Hernandez was later treated by EMTs for what she believes will turn out to be a sprained ankle sustained during the chaos. But despite the saddening and abrupt end to the parade, she said she’ll still come back in future years.

“I’m not gonna be not gay because something happened,” she said.

Michael Loyola, 36, of D.C., was standing on P Street NW across from CVS pharmacy on the circle’s western edge when he heard a loud commotion.

“I just saw people running away, yelling. Everybody around me stopped, and said ‘What’s going on?'” said Loyola. “People started saying, ‘It’s a shooting, it’s a shooting.’ So we all freaked out and ran away.”

Loyola and fellow parade-goers crouched behind the small building at 9 Dupont Circle NW that serves as a bus stop for charter buses.

In the chaos, he lost his phone, and had look for a landline to call his partner and let him know he was all right.

Dana Montfort, an EMS technician from Southern Maryland, was standing with her friend, Christian Holloway, just behind a barrier on the southwestern side of Dupont Circle Park, across from the CVS, when the chaos broke out.

Photo: John Riley / Metro Weekly

“We were enjoying the parade, and we heard about five or six pops,” Manafort said. “We turned around in the direction where the pops came from. Everybody was screaming, and it was coming from the middle of the circle, by the statue. Everybody started running, the fences were coming down, people were screaming, we followed the rest of the crowd down to New Hampshire Avenue, and as we’re running, we hear five or six more pops.”

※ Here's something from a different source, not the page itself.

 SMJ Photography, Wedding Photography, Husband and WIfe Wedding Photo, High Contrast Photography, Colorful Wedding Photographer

Once they had avoided getting crushed by the terrified onlookers, Montfort and Holloway, who is also an EMS technician, returned to the circle and began helping out some of the first responders.

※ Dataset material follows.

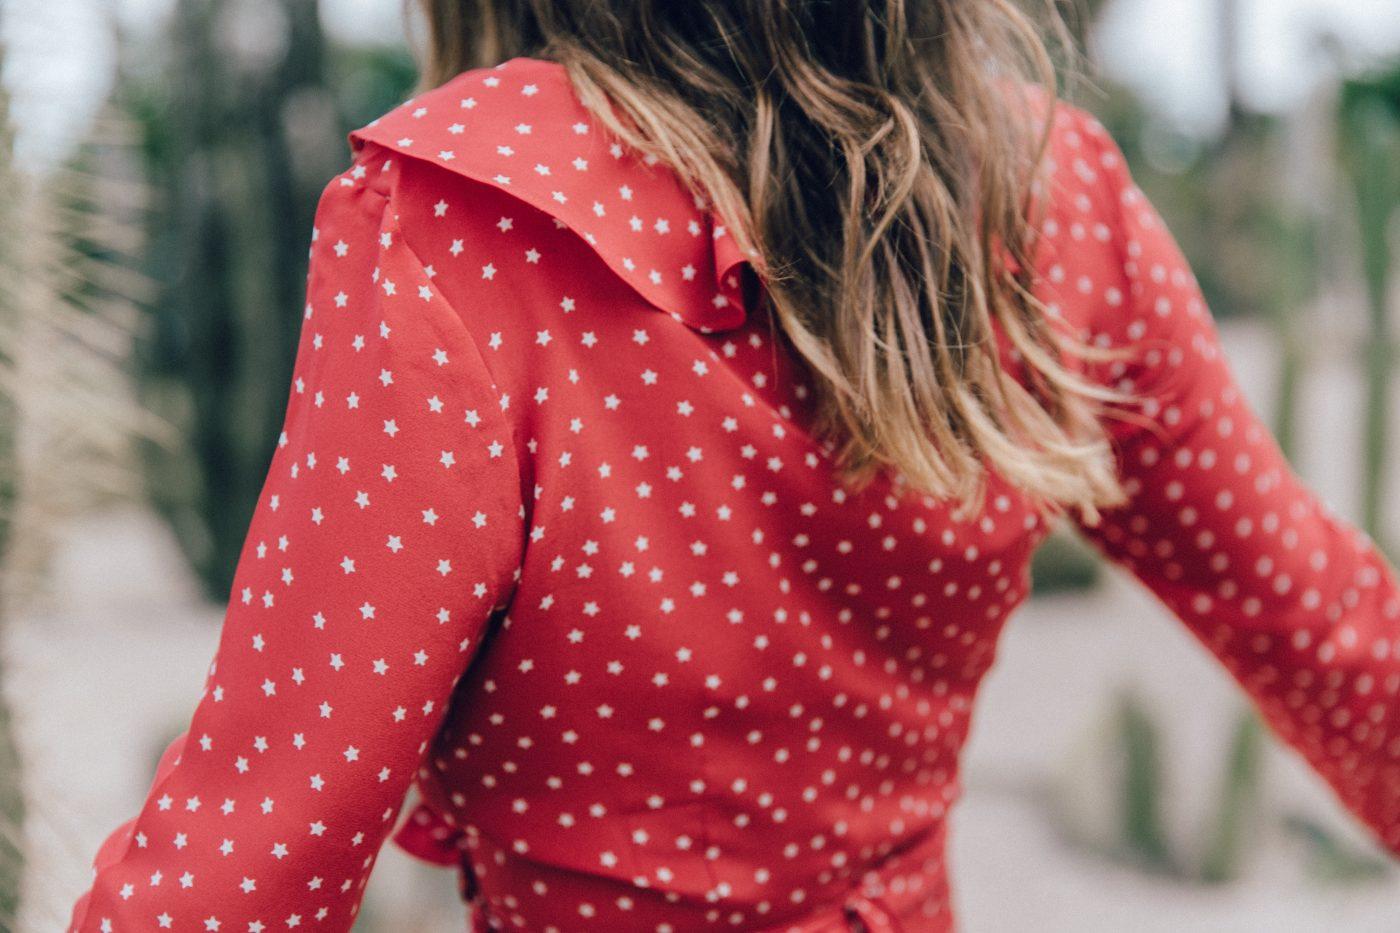 Realisation_Par_Dress-Star_Print-Red_Dress-Outfit-Catonier-Hat-Lack_Of_Color-Black_Sandals_Topshop-Barcelona-Collage_Vintage-Mossen_Gardens-131

“People were on the ground,” Montfort said. “We found one guy who wasn’t able to walk. His foot was messed up. We started triaging him. EMR [Emergency & Medical Rescue] was here very quickly, we identified ourselves as EMS, he threw us [latex] gloves, and we’ve been helping them triage all night.”

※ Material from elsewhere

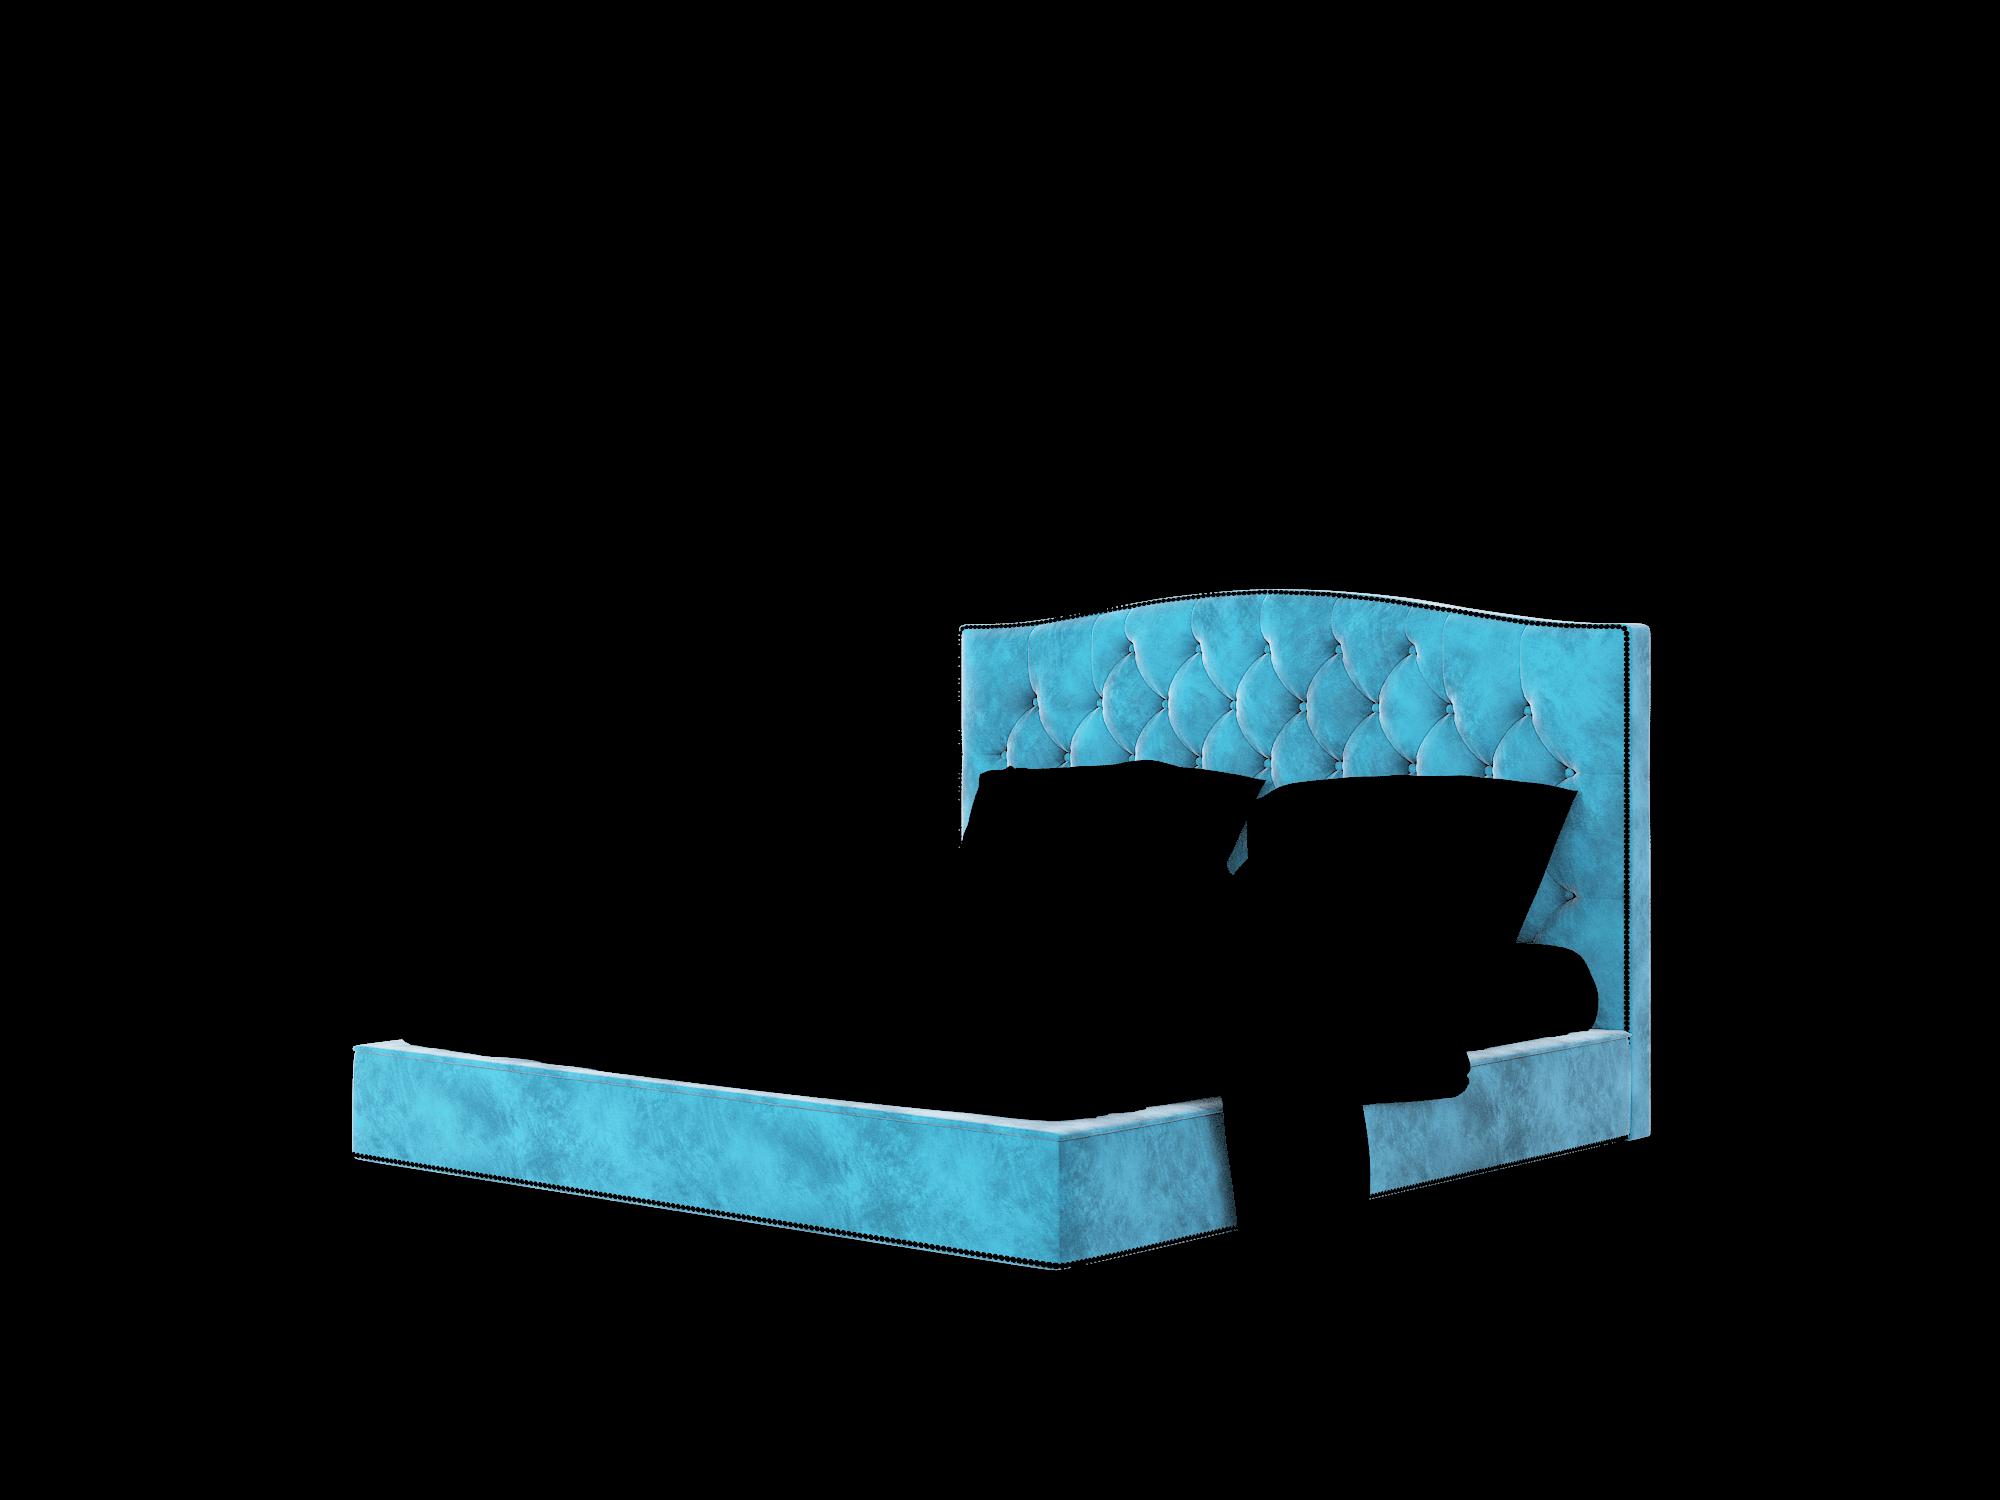 Bijou Buzz Teal Bed King Room Texture

Montfort said she treated some broken legs or broken ankles, some of which were caused by falling parade barriers when the crowd surged forward to get away from the circle. The other injuries appeared to be largely people who had been trampled in the chaos. There were no life-threatening injuries.

“Everyone had dispersed immediately, and we saw the people lying on the ground. And we just ran over to whoever we could find first and started helping,” she said. “The brother of the first victim we found, the one with the foot injury, he was maybe about 12, and he was bawling. And I was like, ‘Oh my God, is he injured, too?’ And his brother’s like, ‘No, it was his first Pride,’ his sister had brought him with the older brother…and he was just scared beyond belief. The fear in his face is something I won’t forget.”

Montfort said while she was helping with the injured, she heard mixed and conflicting reports from EMS and police alike about whether there was or wasn’t a gun, the nature of the disturbance, and what had initially sent the crowd into a panic.

“I never pictured something like this happening at Pride,” Montfort added. “You get your traditional protesters that don’t support it, that’s fine. They have a right to be here. But I never, in a million years, expected something like this to happen…. It’s just a shame.”

Photo: John Riley / Metro Weekly

Ananikay Nelson, 25, was by the PNC Bank on the northern edge of the circle and believed the parade had ended around 7:20 p.m. because there was a large gap of time in between floats. Then, people began pushing over the barricades lining the circle.

“People pushed over the barriers and started running,” she recalled. “Then everybody took off, so I started running, too.”

Nelson said she didn’t hear any gunshots prior to the large stampede. She said she was sad that the rest of the parade couldn’t continue.

“I was really enjoying it, I’ve got my beads, my bracelet saying ‘Love Means Love,’ but what can we do about it? We just gotta move forward,” she said.

Nelson also said that she won’t be deterred from going to other Pride events: “I’m going to celebrate the whole month.”